Memtest86 and ECC RAM

I have an Asrock X99 Taichi motherboard with an Intel Xeon E5 1660 V3 installed. I have installed eight 32GB 2133 MTs ECC RDIMMs. They are Micron MTA36ASF4G72PZ -2G1A1 part number. This is my first time dealing with ECC memory. I got this much memory to perform a task and the files created have errors in them. I ran memtest86 for a bit over the last 13 hours before I decided that was plenty enough down time. It completed about 1.75 passes of the 4. It generated 89 ECC Correctable Errors, all on the same stick. I am unsure if this means that I should replace this stick. Or perhaps that the stick is overheating. I mean they must put those little vents on the memory in servers for a reason. I saw temperatures in the high 50s to low 60s in WIndows.
Honestly, I was a bit surprised to see Memtest report ECC Corrected Error. I thought that ECC would not work on X99 with RDIMMs based on the language in the manual; but I guess that manual also says the memory capacity of the board is 128GB.



Those results are definitely indicative of a failing RAM module. You can try putting another fan pointing directly at the modules and run again, but if all of the modules are the same problematic temperature, I would expect all the modules to report errors and not just one. I would just replace the module personally.

I am not a windows guy, but I know that in a properly configured Linux or FreeBSD environment, your OS can detect if ECC errors are being thrown by the motherboard as long as the motherboard is reporting them properly (which seems to be the case since Memtest is detecting that they are occurring and being resolved). I would assume Windows has similar functionality, so try looking into that for a better sense if they are happening regularly.

1 Like

Shockingly, significantly fewer errors in the Windows Event Viewer than the 13 hour memory stress test. I had been fully loading the memory for a day and a half before discovering the errors in the output.
image

Definitely should be replaced then if you can afford it. I consider >0 error to be too many.

1 Like

one of the VERY few X99 boards to FULLY support RDIMMs.

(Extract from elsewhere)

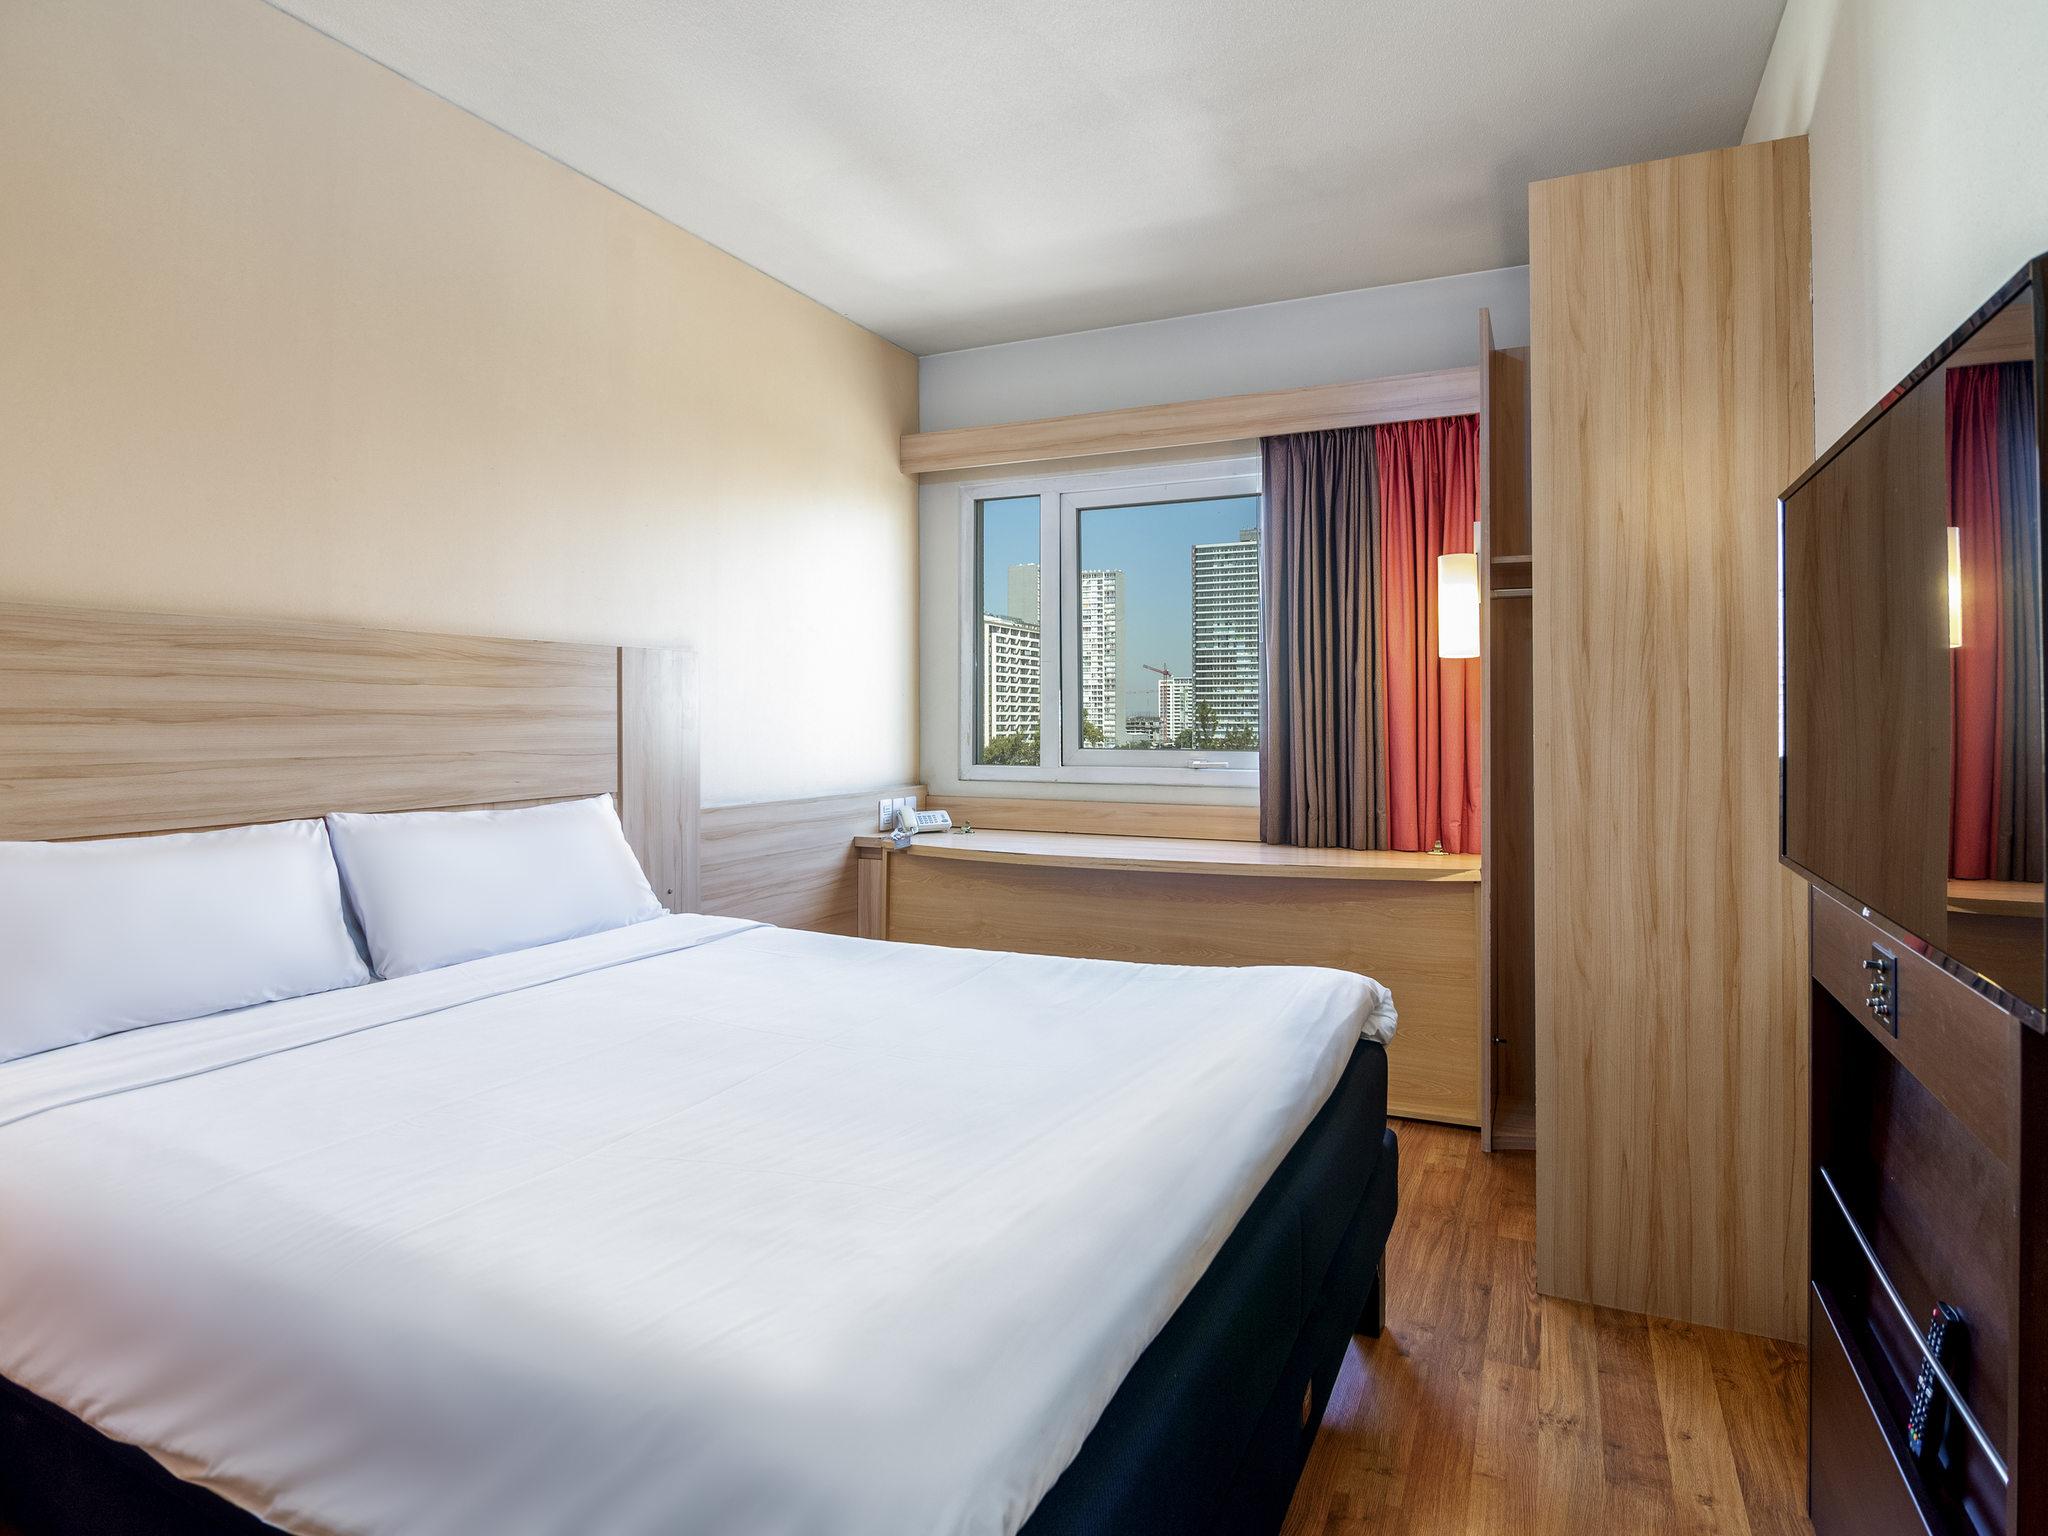 酒店 – 宜必思圣地亚哥中心火车站酒店

And yet this board launched with a price of just $330. I haven’t used more X99 boards than just this one, but I have been so blown away with it. I really miss HEDT. They took it away about the same time it would have been worth upgrading my X99 platform. This whole consumer socket with too many cores straight to Lite Workstation stinks. I have very little use for more than 16 cores and frankly think $1500 is a very reasonable price point for HEDT entry level board, CPU (and 64GB of memory if it’s just 12 cores).

1 Like

So I zip tied a small really annoying fan to hang so that it’s pointing at the slots on the 24-pin side of the board. (this was really annoying because even tho I set the fan software to 0%, it wouldn’t stop spinning - at least it was slow enough that it was just annoying to stick fingers into instead of breaks the fan and makes me bleed speed) Temps are down from mid 60s to mid 50s and I’m not seeing any errors after hours of running a workload that uses 128GB every 11 mins and generates a new 128GB. Really surprising that what seems like low, reasonable temperatures was causing the instability at such low speeds.